UK-based digital archiving specialist Arkivum, in partnership with Google Cloud, have been selected for the second prototyping phase of the €4.8m multinational ARCHIVER project led by CERN. The team were awarded a role in the pilot phase, announced in June 2020. This phase will run for eight months.

Quantum‘s ActiveScale S3-compatible object storage system has achieved Veeam Ready qualification for Object and Object with Immutability, meaning it now has ransomware protection. Quantum said it is ensuring that all its products have a built-in option for ransomware protection.

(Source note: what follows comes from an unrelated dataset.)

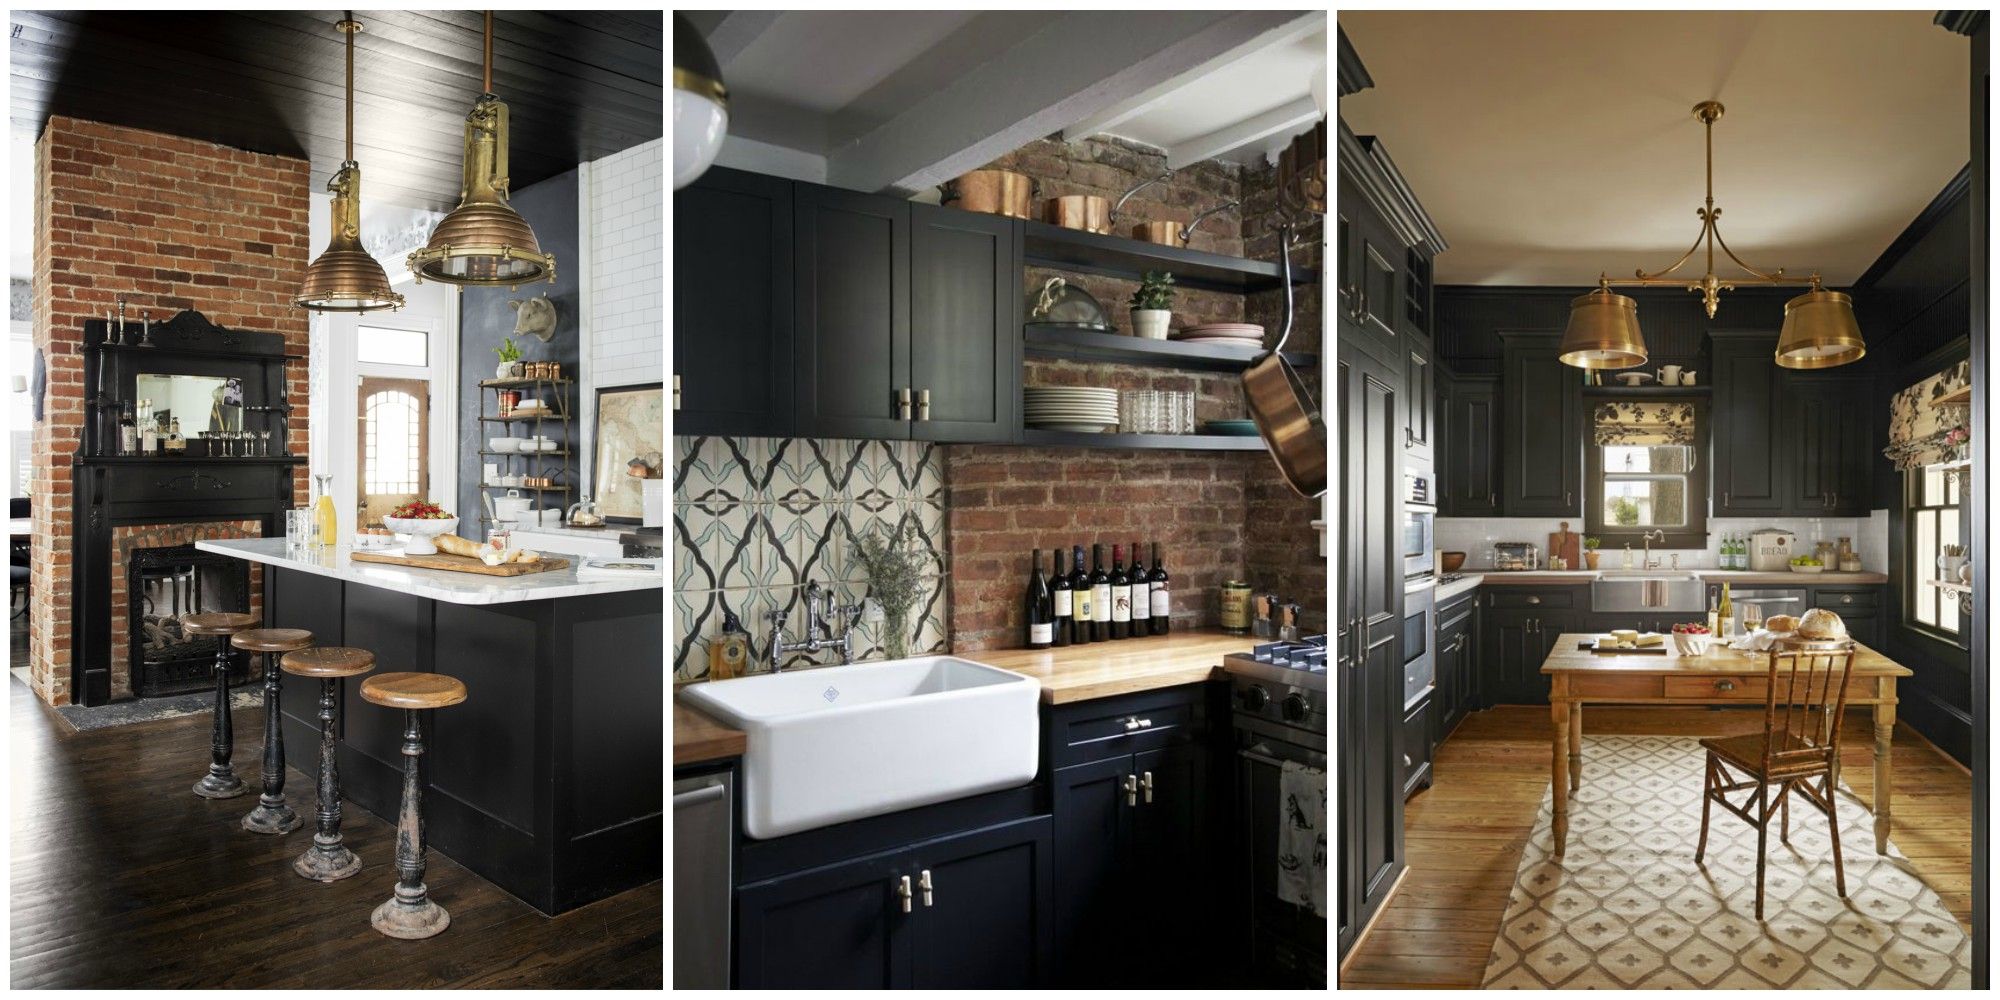 Matte Black Is Taking Over Kitchens Everywhere  Matte black kitchen, Black  kitchen cabinets, Black kitchens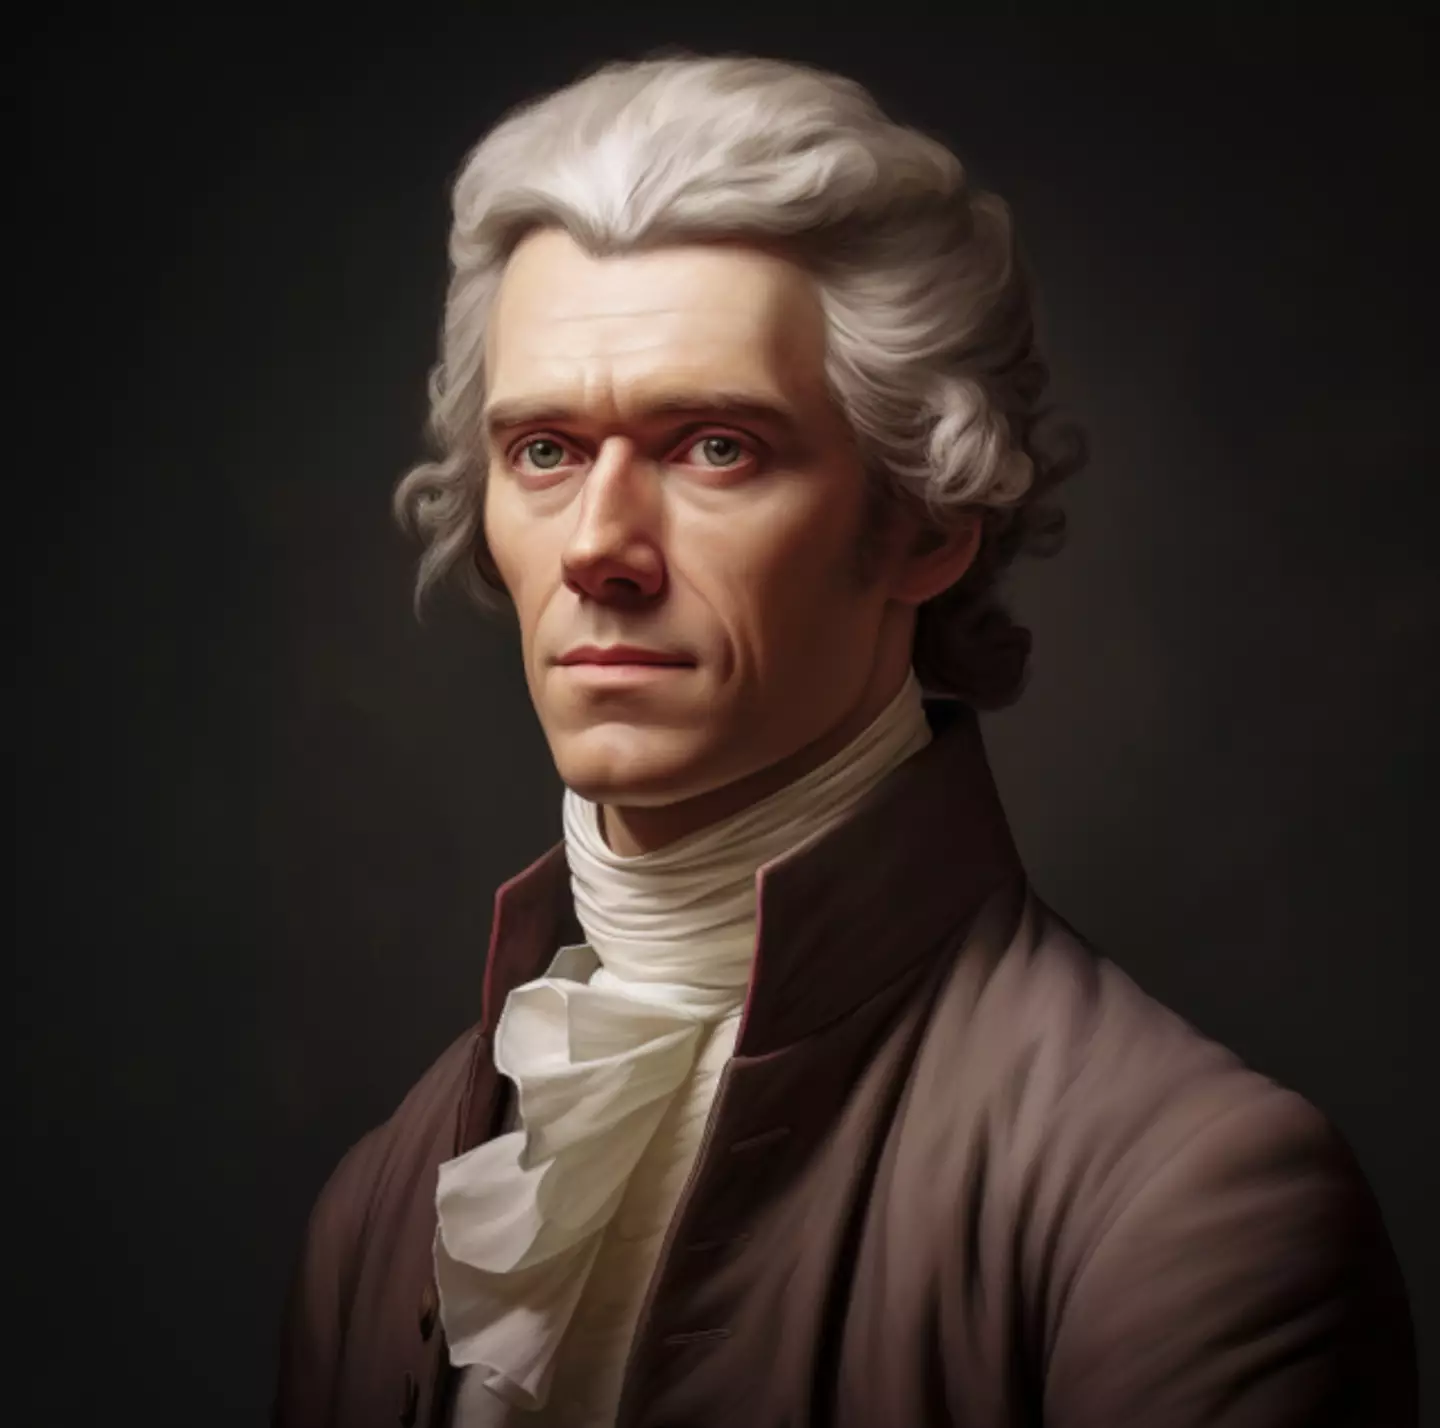 This is apparently Hugh Laurie playing Thomas Jefferson.

Redis Labs has announced RediSearch 2.0 which allows users to create secondary indexes to support their queries instead of writing manual indexes. It scales to query and index billions of documents, and use sRedis Enterprise’s Active-Active technology to deliver five-nines (99.999 per cent) availability across geo-distributed read replicas.

Data lake query tech supplier Varada has a new feature that enables a 10x-100x queries speed increase when running on Trino clusters (formerly known as PrestoSQL) directly on the data lake. Varada can now be deployed alongside existing Trino clusters and apply its dynamic and adaptive indexing-based acceleration technology. It is available on AWS and is compatible with all Trino and previous PrestoSQL versions.

Appointment setting

Commvault has appointed Jamie Farrelly, formerly at Veritas, as EMEA VP for Channel and Alliances.

Druva has appointed Scott Morris as VP Sales or Asia-Pacific and Japan (APJ) based in Singapore. Most recently, he served as vice president and GM for Asia-Pacific at HPE.

Edge computing company Fastly has recruiteed Brett Shirk as Chief Revenue Officer. Shirk was previously Rubrik’s Chief Revenue Officer and left abruptly earlier this month.

Database supplier SingleStore has hired Paul Forte as chief revenue officer (CRO). Forte comes to SingleStore from data management company Actifio (recently acquired by Google) where he served as the president of global field operations, including sales, marketing, customer service and post-sales.

Kioxia and Western Digital build 162-layer 3D NAND

Kioxia and Western Digital have announced the sixth generation of their BiCS 3D NAND technology, with 162-layers and a 40 per cent smaller die than their gen 5 BiCS 112-layer technology.

Each new BiCS (Bit Cost Scaling) generation should have a lower cost per bit than its predecessor. The two suppliers did not disclose how much this is reduced in Gen 6, but they revealed that manufactured bits per wafer are increased by 70 per cent over gen 5.

Siva Sivatram

Dr. Siva Sivaram, Western Digital’s President of Technology & Strategy, cited performance, reliability and cost benefits for Gen 6. He said the new generation introduces “innovations in vertical as well as lateral scaling to achieve greater capacity in a smaller die with fewer layers”.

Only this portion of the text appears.